▸ **Work to complete**
Only the pictures should be dropped; every line of the data must come back exactly as written.

▸ **Stored data**
_ _ _ _
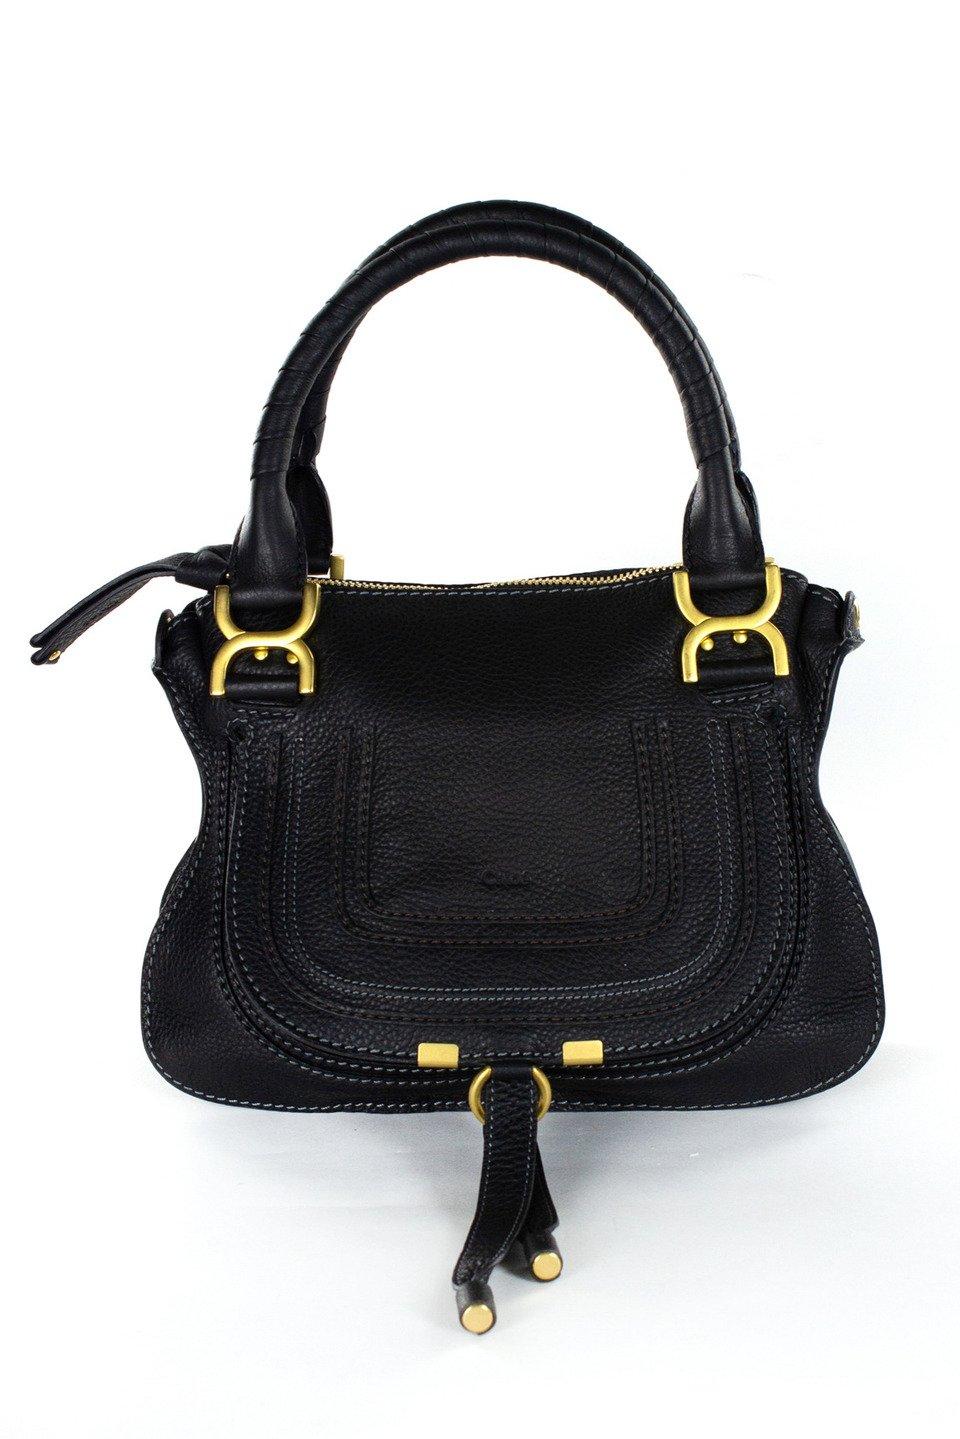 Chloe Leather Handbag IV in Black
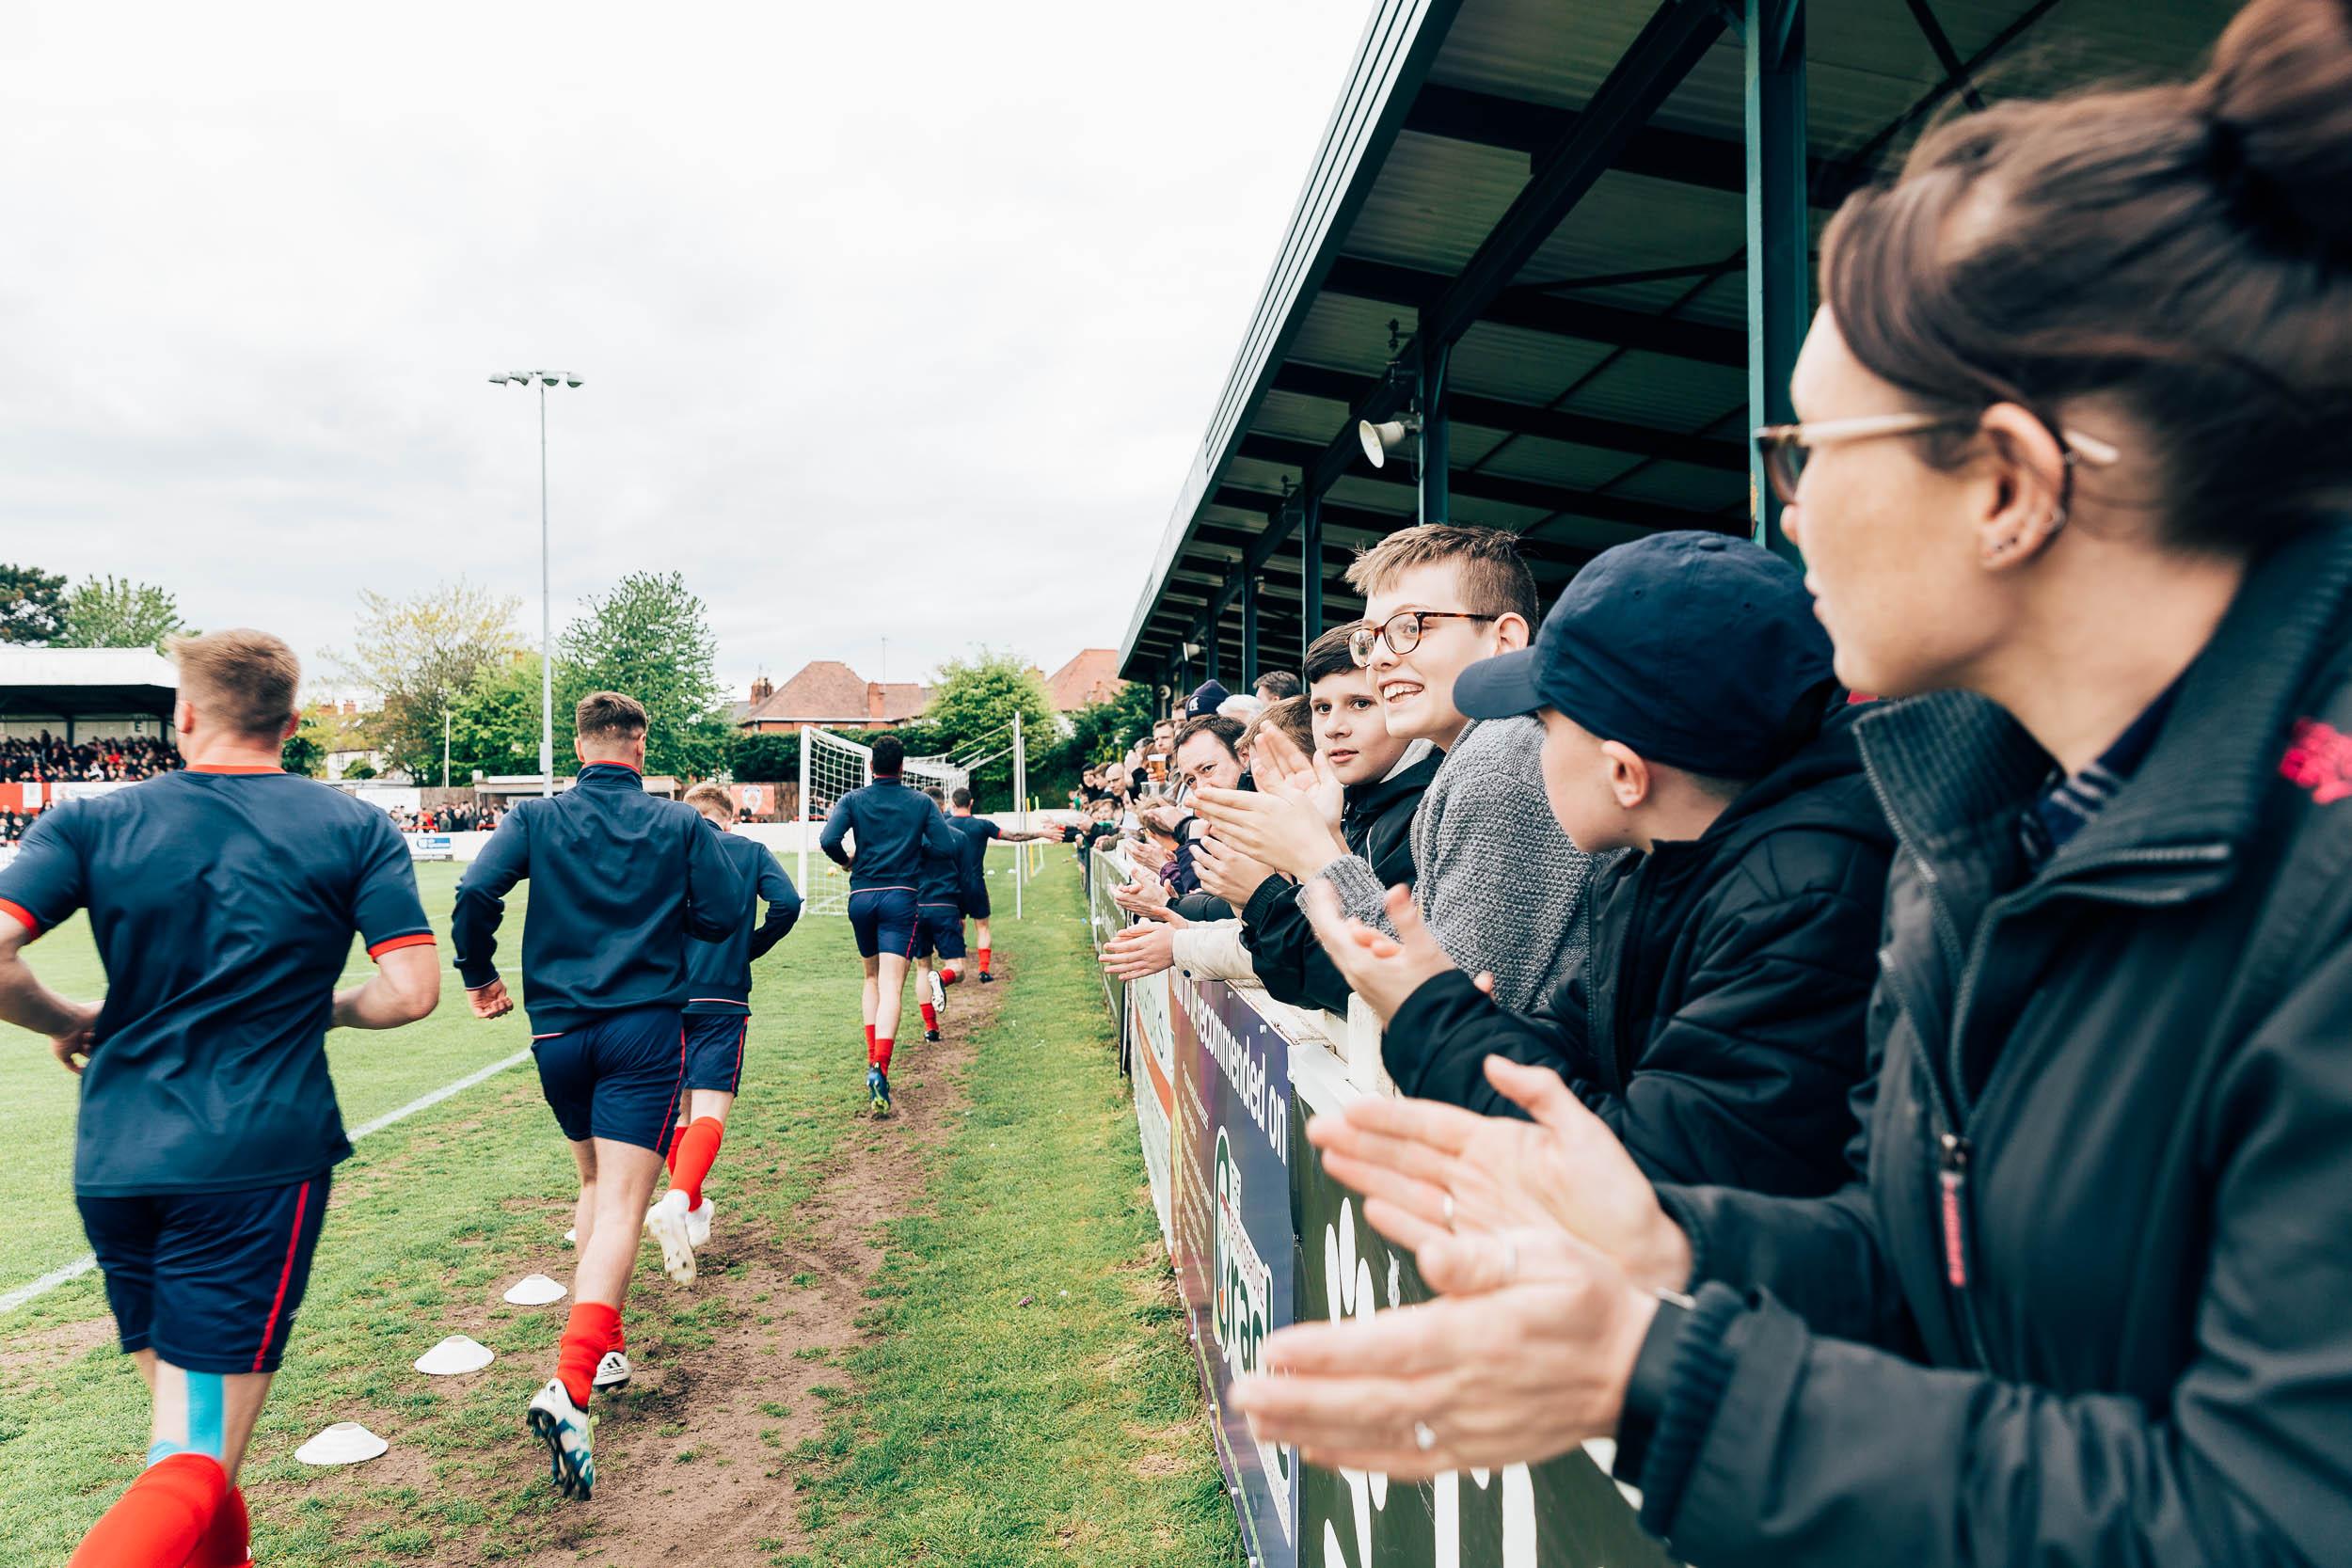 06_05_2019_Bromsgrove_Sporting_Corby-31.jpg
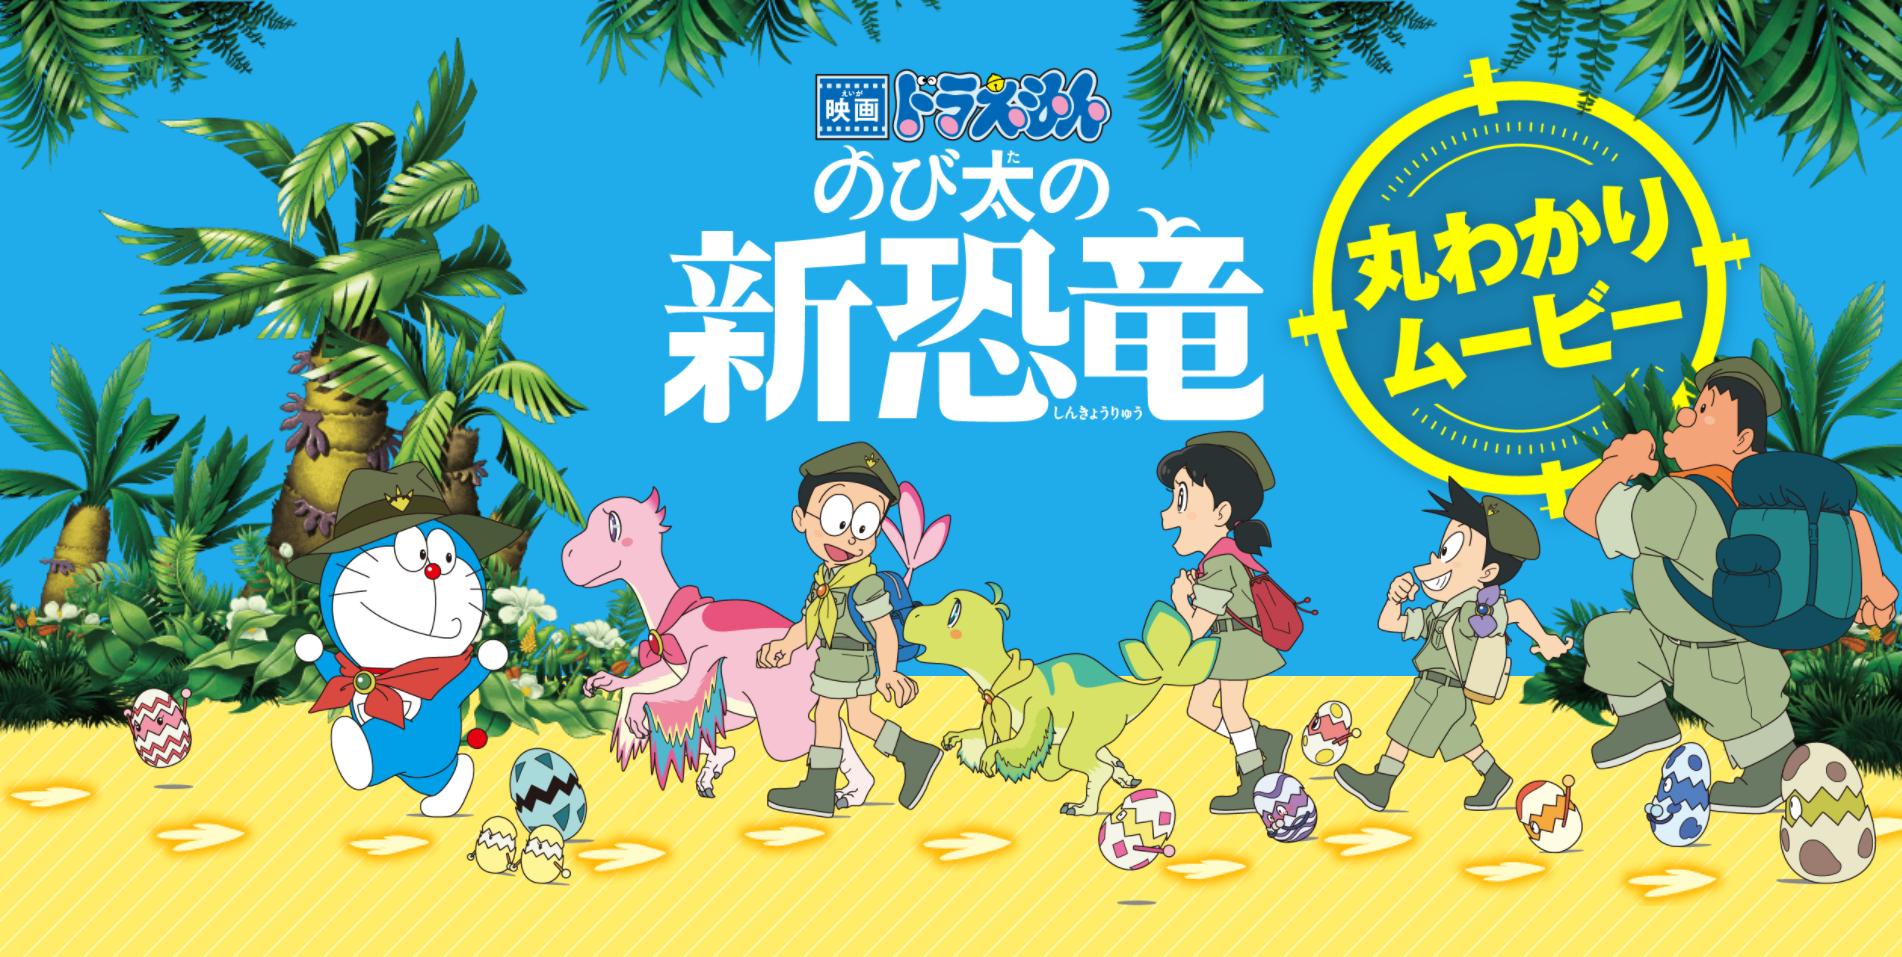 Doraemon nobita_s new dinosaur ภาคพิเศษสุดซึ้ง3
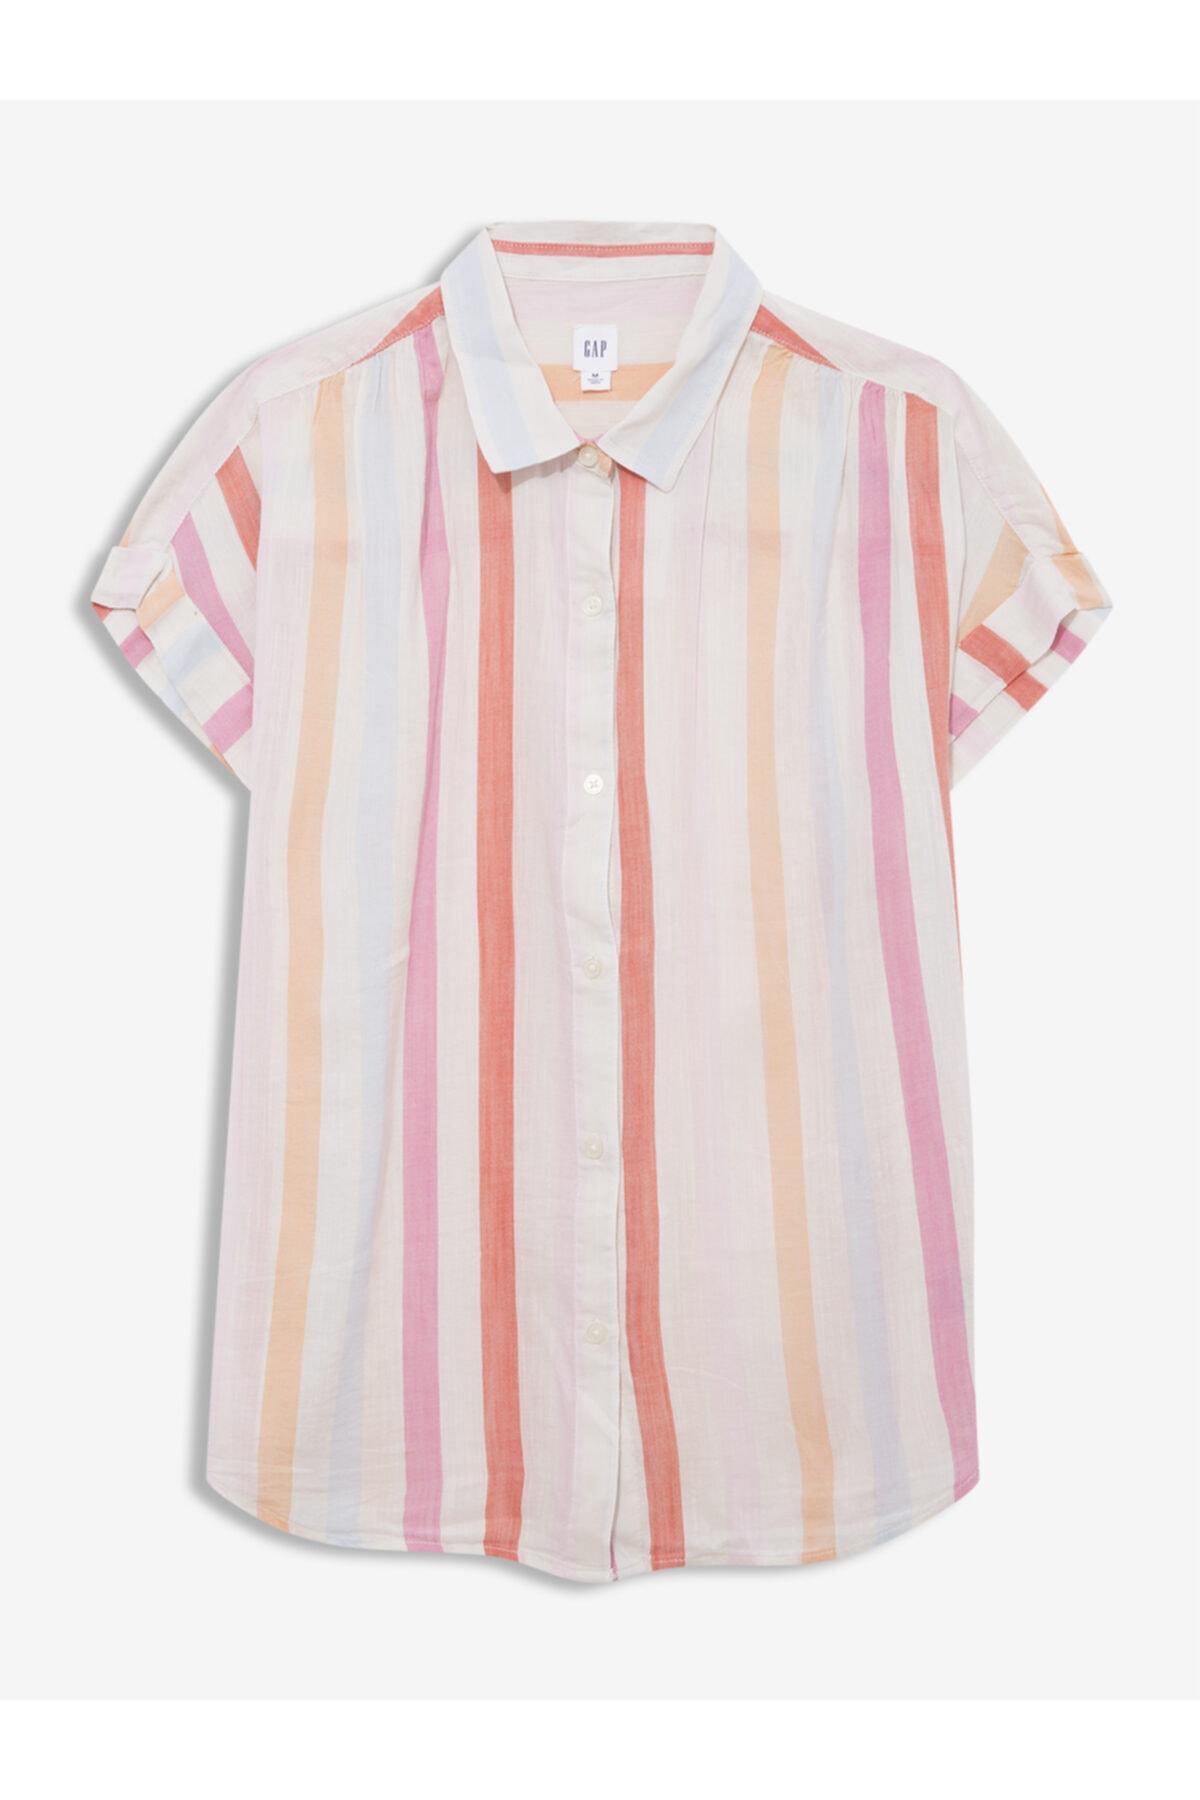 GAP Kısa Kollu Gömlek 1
_ _ _ _
▸ **Result of this exercise**
 Chloe Leather Handbag IV in Black
 06_05_2019_Bromsgrove_Sporting_Corby-31.jpg
 Doraemon nobita_s new dinosaur ภาคพิเศษสุดซึ้ง3
 GAP Kısa Kollu Gömlek 1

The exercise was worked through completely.